A Contemporary Report from
the Illustrated London News at the time

ILN Albert Institute

The opening ceremony for Royal Albert Institute. This engraving from 'The Graphic' of January 17th 1880

The Prince of Wales opened the new building of the Albert Institute of Windsor and Eton last Saturday. The Windsor and Eton Mechanics Institute has existed many years. The edifice, in Sheet Street, Windsor, of which an illustration is given, has been named in memory of the lamented Prince Consort. Its construction, and the subscription of funds to pay for it, were chiefly promoted by the efforts of a committee, including the honorary secretary Mr. F. B. Buckland, the Rev. F. J. Rawlins, Dr. Fairbank, Captain Bulkeley, Sir George Elvey, Doctor of Music, Mr. R. Richardson-Gardner, M.P., Mr. Drew, of Eton College, and the Mayor of Windsor. The architects are Messrs. H. F. Bacon and E. Ingress Bell, of London.
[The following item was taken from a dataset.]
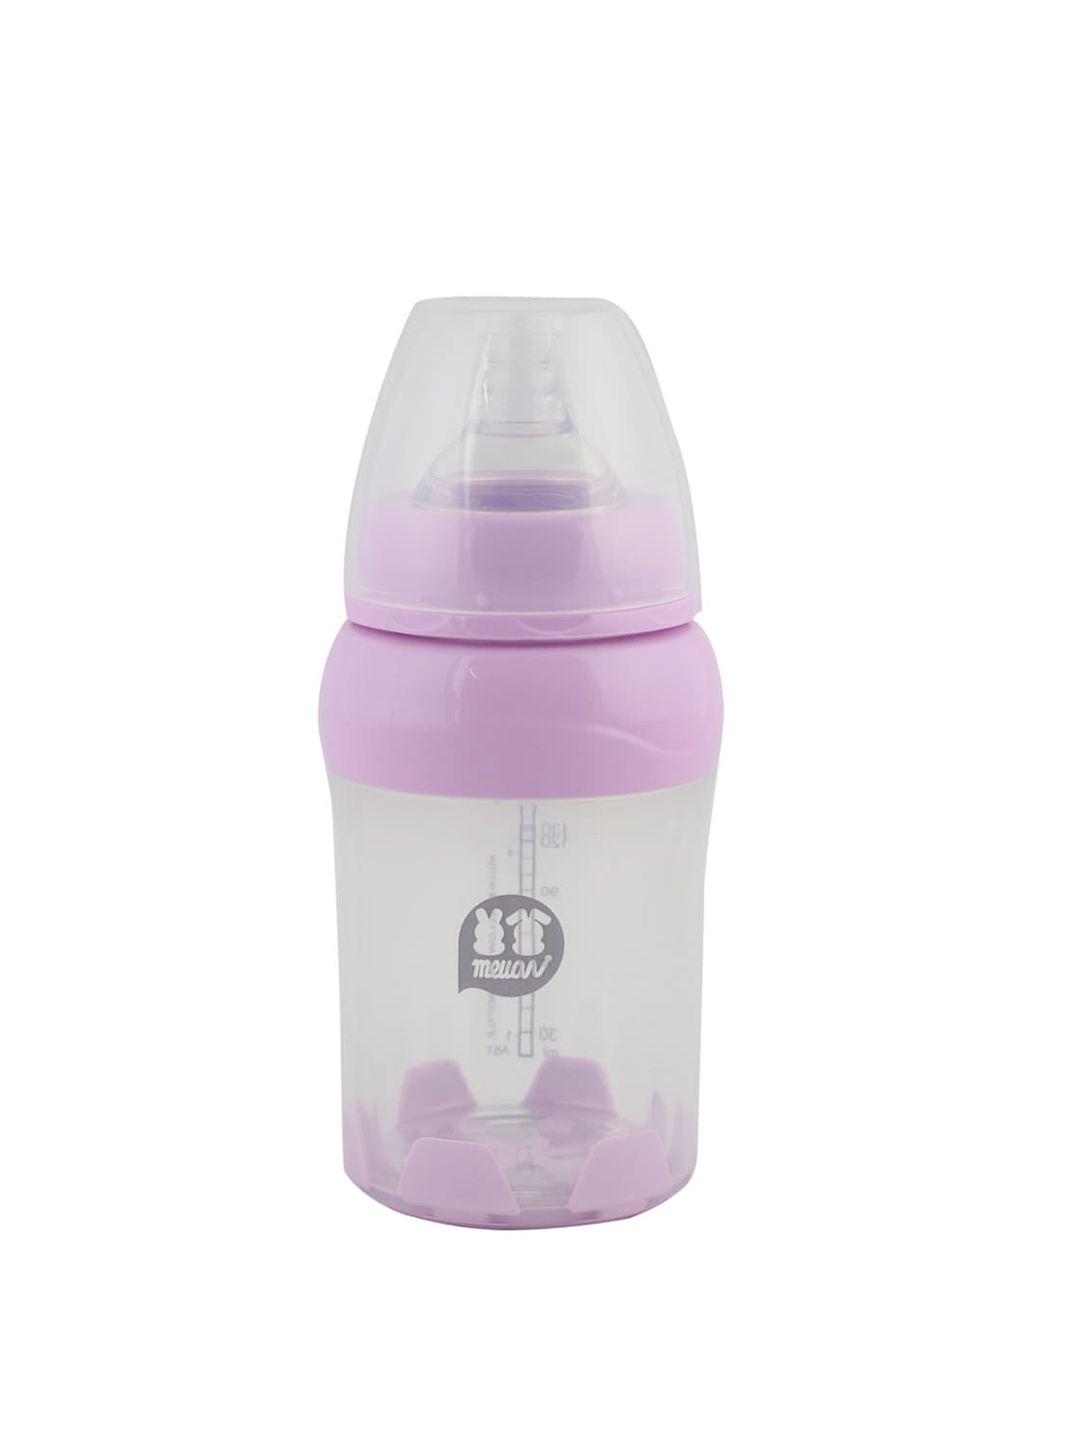 guchigu purple baby bpa free feeding bottles with handle 160ml - 9015c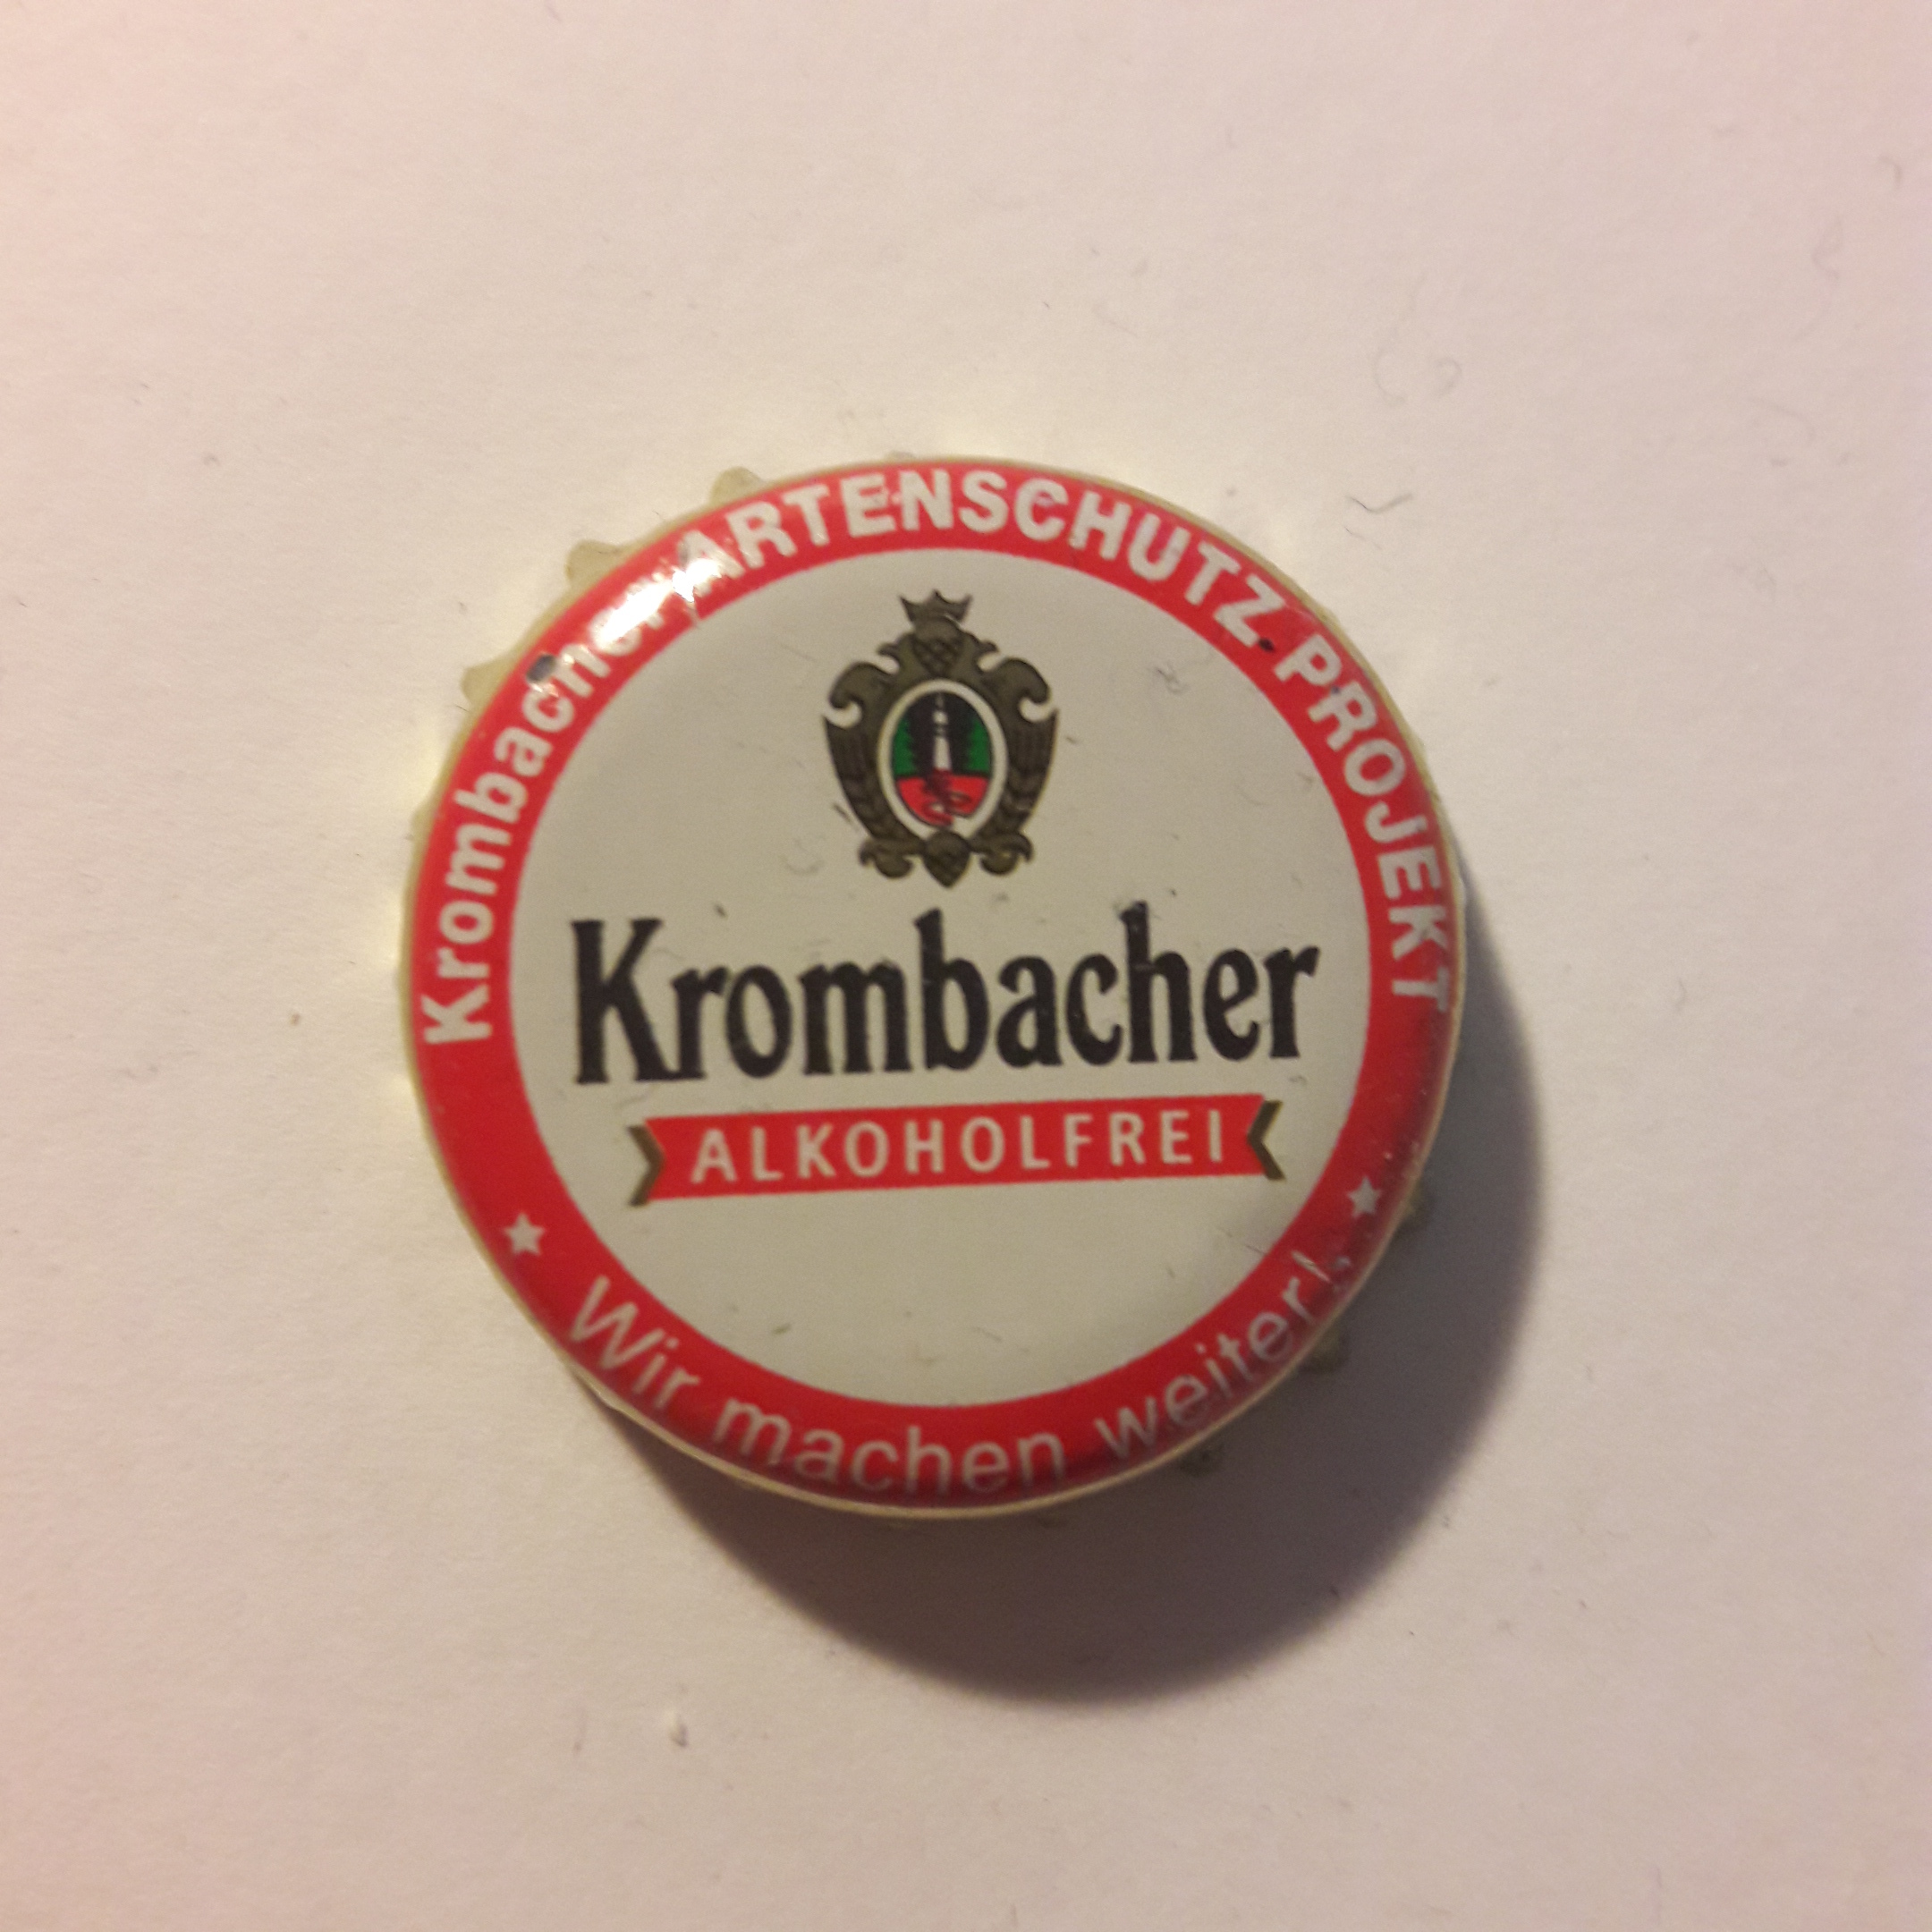 Krombacher Pils alkoholfrei Aktion 2017

The building has a frontage of 70ft., and is in the later Tudor style, harmonising with other Windsor and Eton buildings. It is constructed of red brick with stone dressings and mullions, and is roofed with reddish brown tiles. Mr. Woodbridge, of Maidenhead, was the builder. There are three storeys, comprising a large hall for lectures, meetings, and entertainments, with retiring rooms, a library, reading room, ladies' reading room, museum, classrooms, committee rooms, and apartments for the keeper. In a niche over the main entrance will be placed a marble statue, by Romanelli of the late Prince Consort, which is the gift of Mrs. Richardson-Gardner. The entrance hall contains a memorial tablet, stating that the institute is designed "to aid the pursuit of knowledge and .art so loved by him." Prince Christian, on behalf of his wife, Princess Helena, laid the memorial stone in honour of her father, on March 28, last year.

Victoria and Albert

A very early photograph of Prince Albert
with Queen Victoria

The opening ceremony last Saturday was performed in a successful manner. The Prince of Wales, accompanied by Prince and Princess Christian of Schleswig-Holstein who came from Cumberland Lodge. They were received by the committee, with the Bishop of Oxford and the Dean of Windsor. The united choirs of St George's Chapel, Windsor, and of Eton College Chapel, with a string band composed of men of the 2nd Life Guards performed a special Cantata under the direction of Sir George Elvey. An address was presented to the Prince of Wales, and His Royal Highness made a suitable reply. The president of The Institute, Captain Bulkeley, was unfortunately absent from ill health. A benediction was pronounced by the Bishop and the Prince declared the opening of the new building. His Royal Highness went over it, with the committee, and then returned to London.

ILN Albert Institute 2

The imposing facade of he Royal Albert Institute at the time of its opening.
This engraving from the Illustrated London News of January 17th 1880

In 'The Graphic' magazine, also published on January 17th 1880, it is reported that The Prince of Wales, during his visit to Prince and Princess Christian at Cumberland Lodge, hunted with Mr. Garth's foxhounds. The Duke of Connaught and Strathearn and Prince Christian also joined the meet, which was at Haines Hill, near Twyford, the seat of the master of the pack. Their Royal Highnesses lunched with Mr. Garth, and afterwards, accompanied by the 'field,' which numbered 150, trotted out of the park to Charity Wood, Billingbear, where the coverts were drawn, the chase leading away in the direction of Binfield. The Princes at the close of the day's sport returned to Cumberland Lodge. The Prince also during his stay shot through the preserves in Windsor Great Park. On Saturday his Royal Highness opened the Albert Institute at Windsor, an illustration of which is given in this issue. [See above. Ed.] The Prince arrived at Marlborough House in the evening, and left on Monday for Hughenden, on a visit to the Earl of Beaconsfield.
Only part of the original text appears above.